# Brief
Without the images, write out all of the following entries exactly.

** Opening Supplied records block **

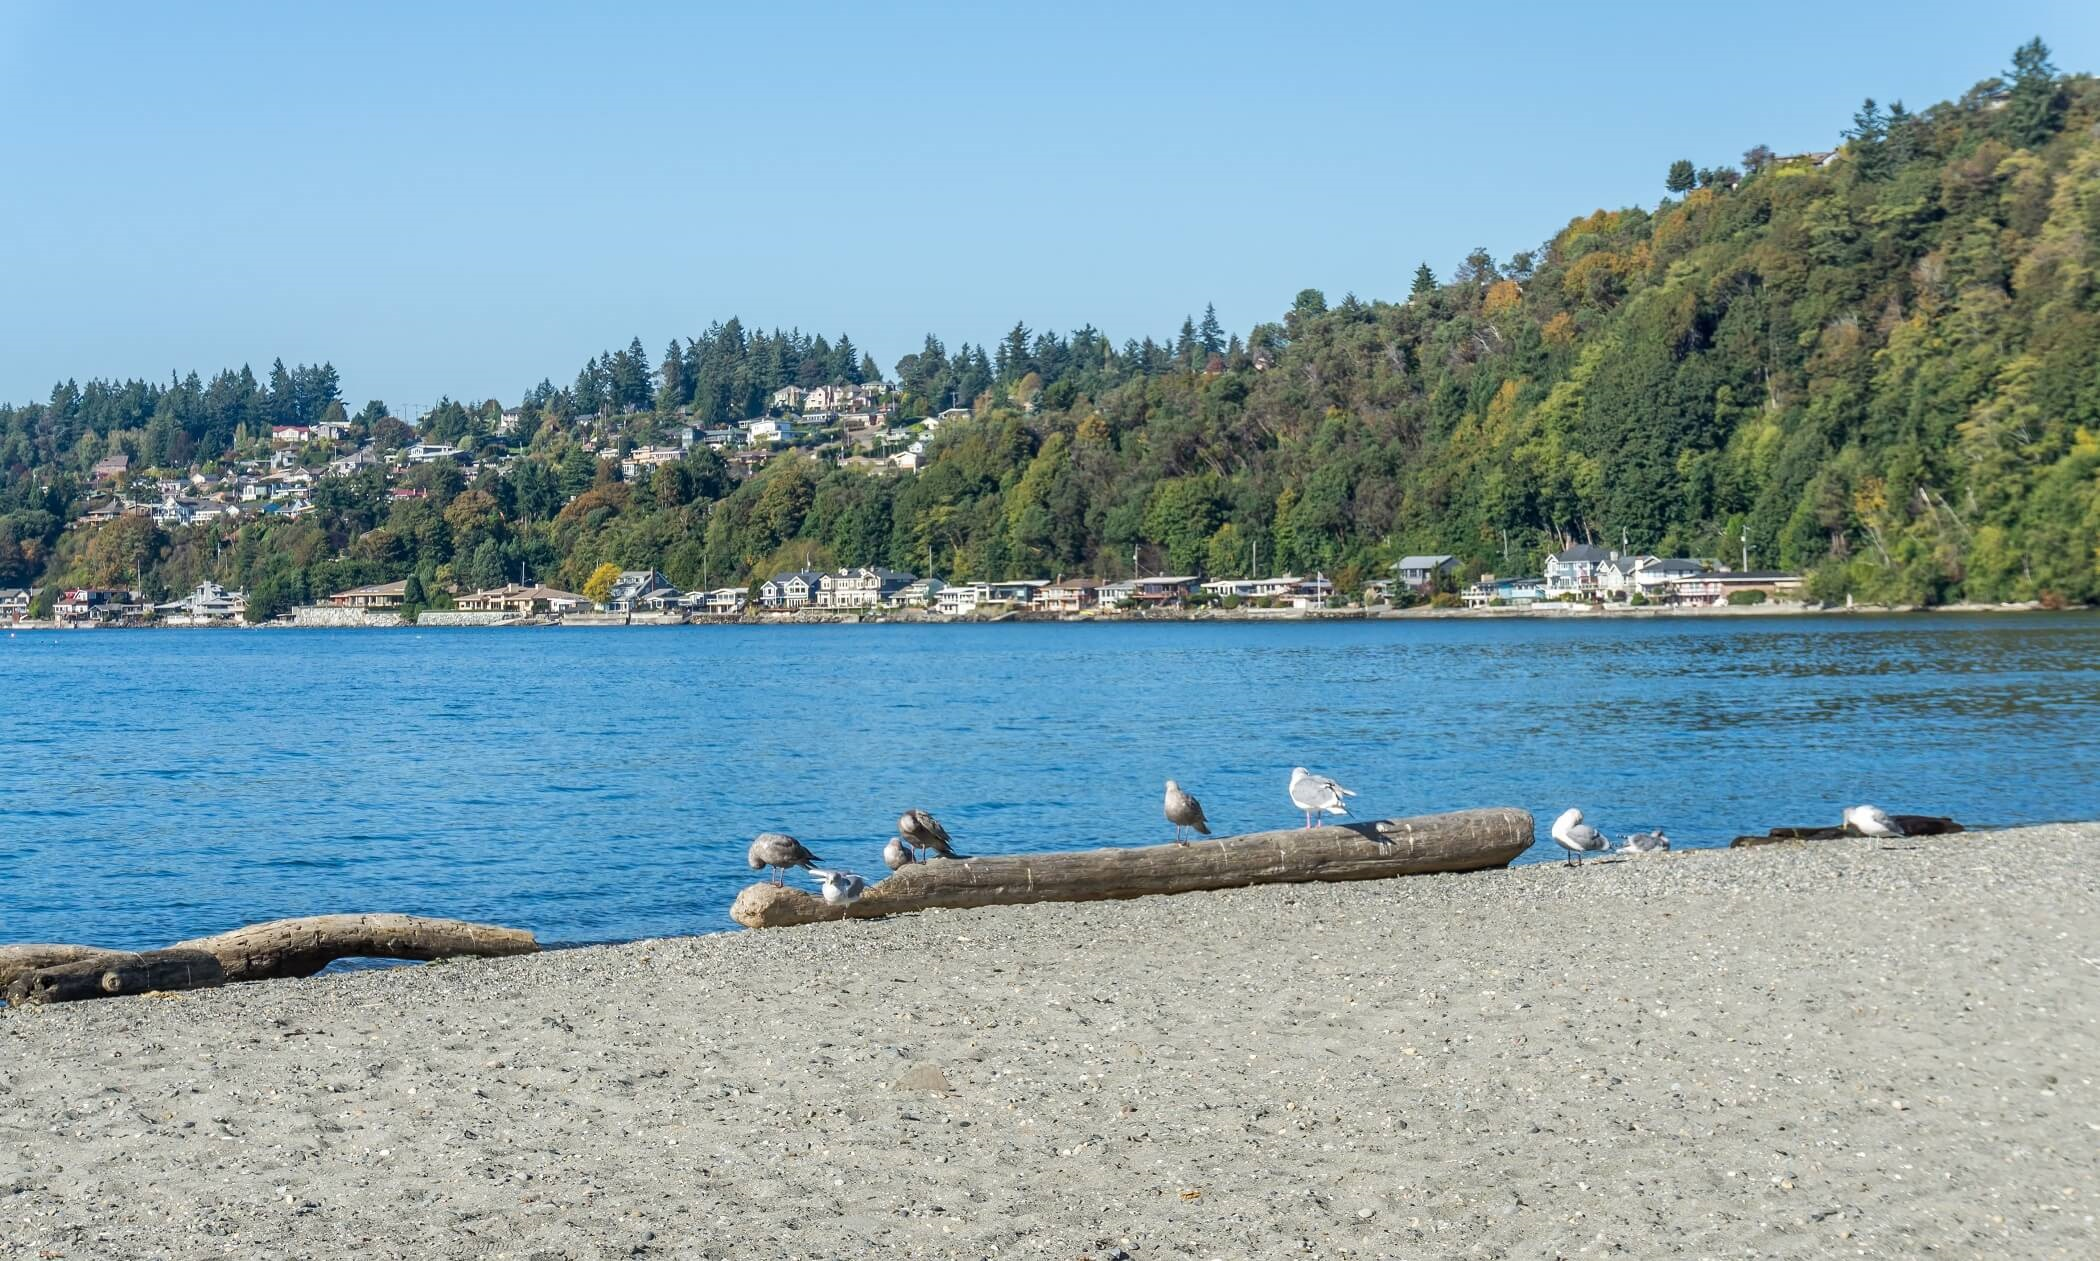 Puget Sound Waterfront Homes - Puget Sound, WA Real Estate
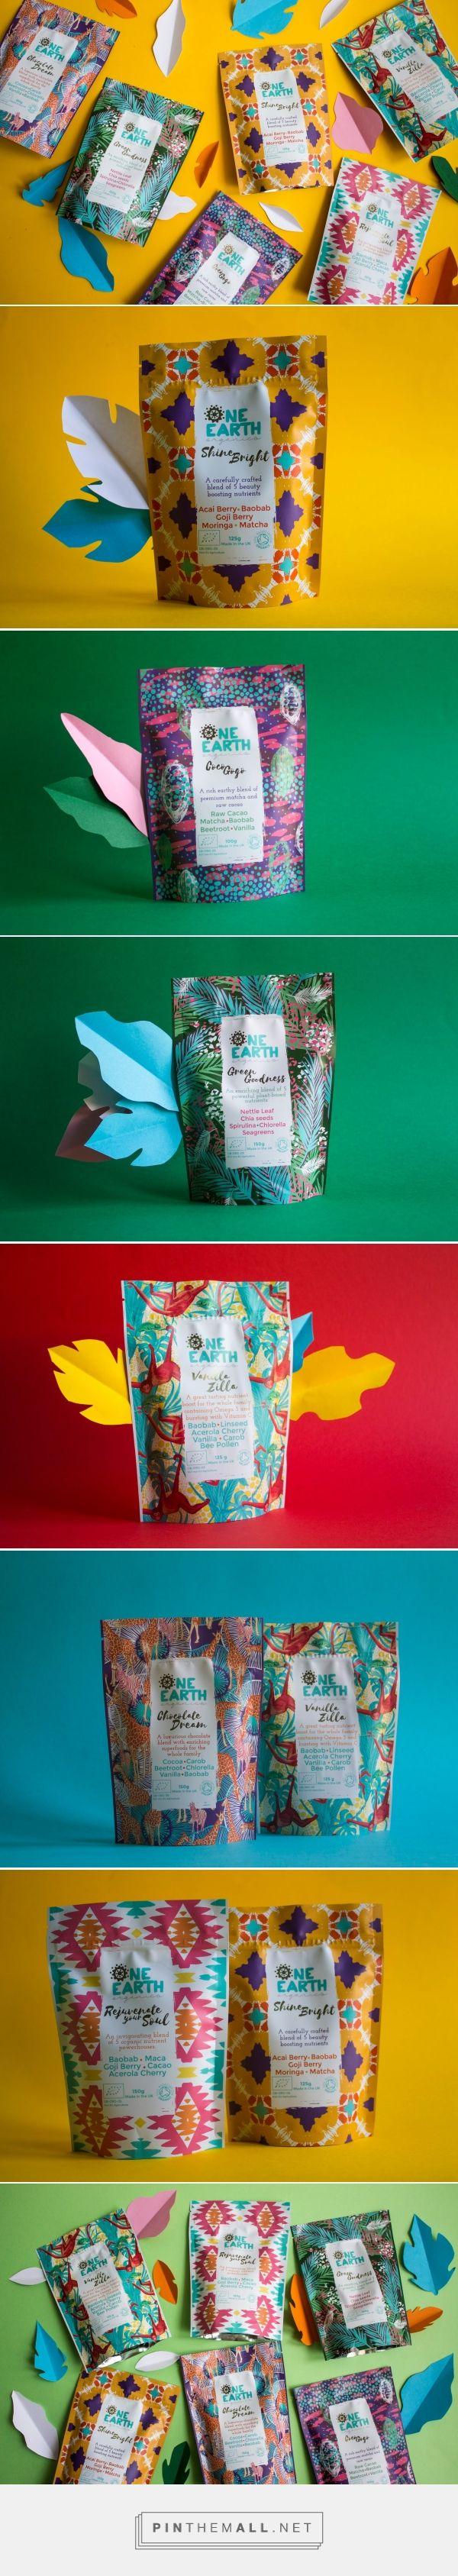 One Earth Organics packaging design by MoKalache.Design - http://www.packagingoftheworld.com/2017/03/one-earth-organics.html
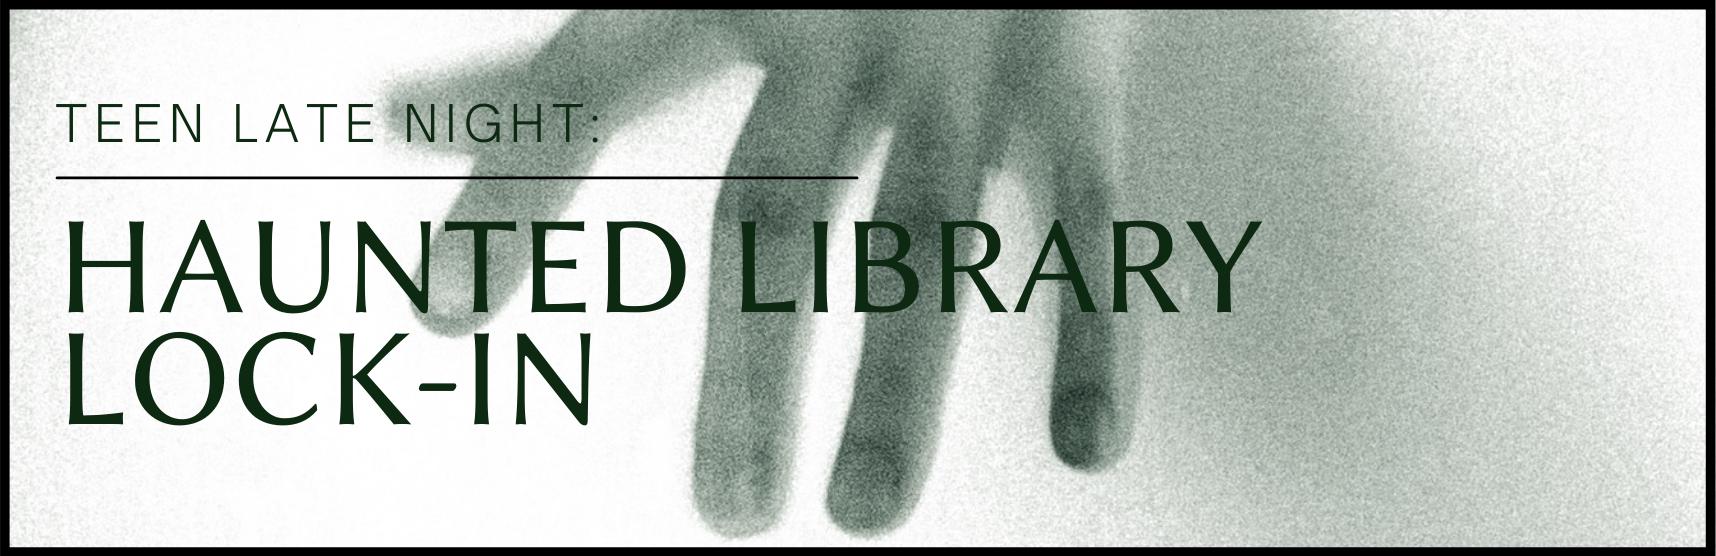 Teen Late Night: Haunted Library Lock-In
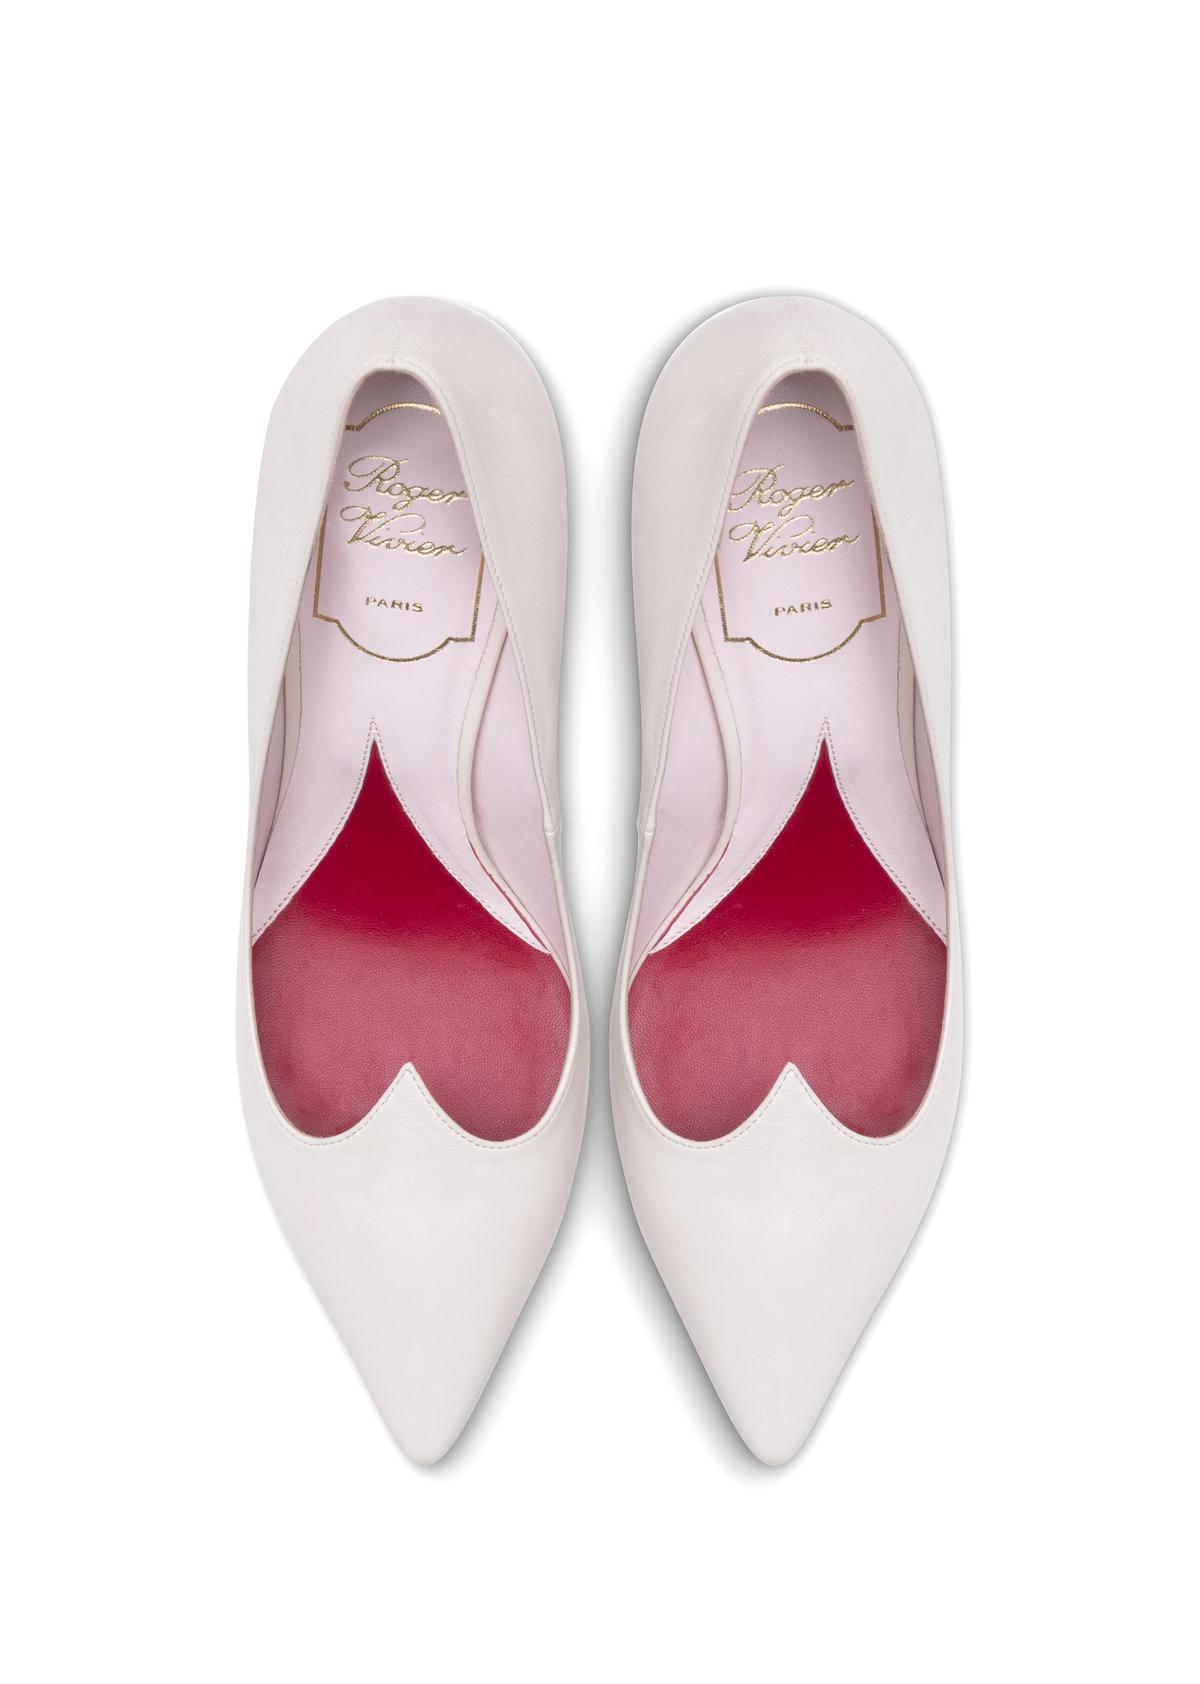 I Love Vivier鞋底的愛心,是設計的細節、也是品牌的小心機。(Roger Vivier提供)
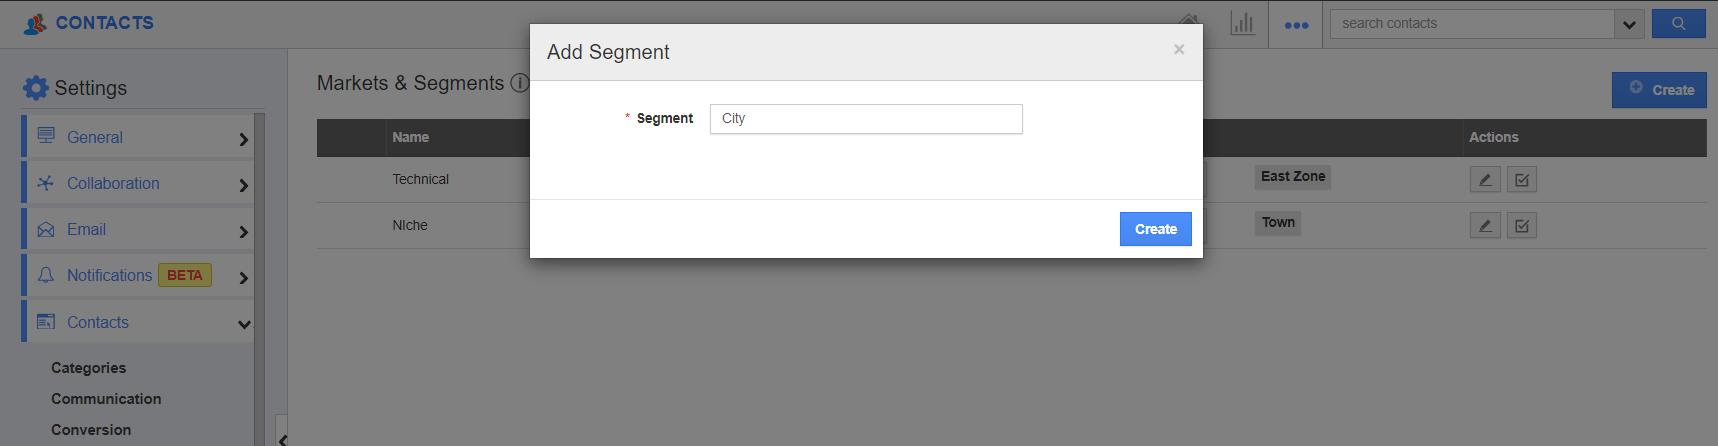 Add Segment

** Closing Supplied records block **

# Task response
 Puget Sound Waterfront Homes - Puget Sound, WA Real Estate
 One Earth Organics packaging design by MoKalache.Design - http://www.packagingoftheworld.com/2017/03/one-earth-organics.html
 Teen Late Night: Haunted Library Lock-In
 I Love Vivier鞋底的愛心,是設計的細節、也是品牌的小心機。(Roger Vivier提供)
 Add Segment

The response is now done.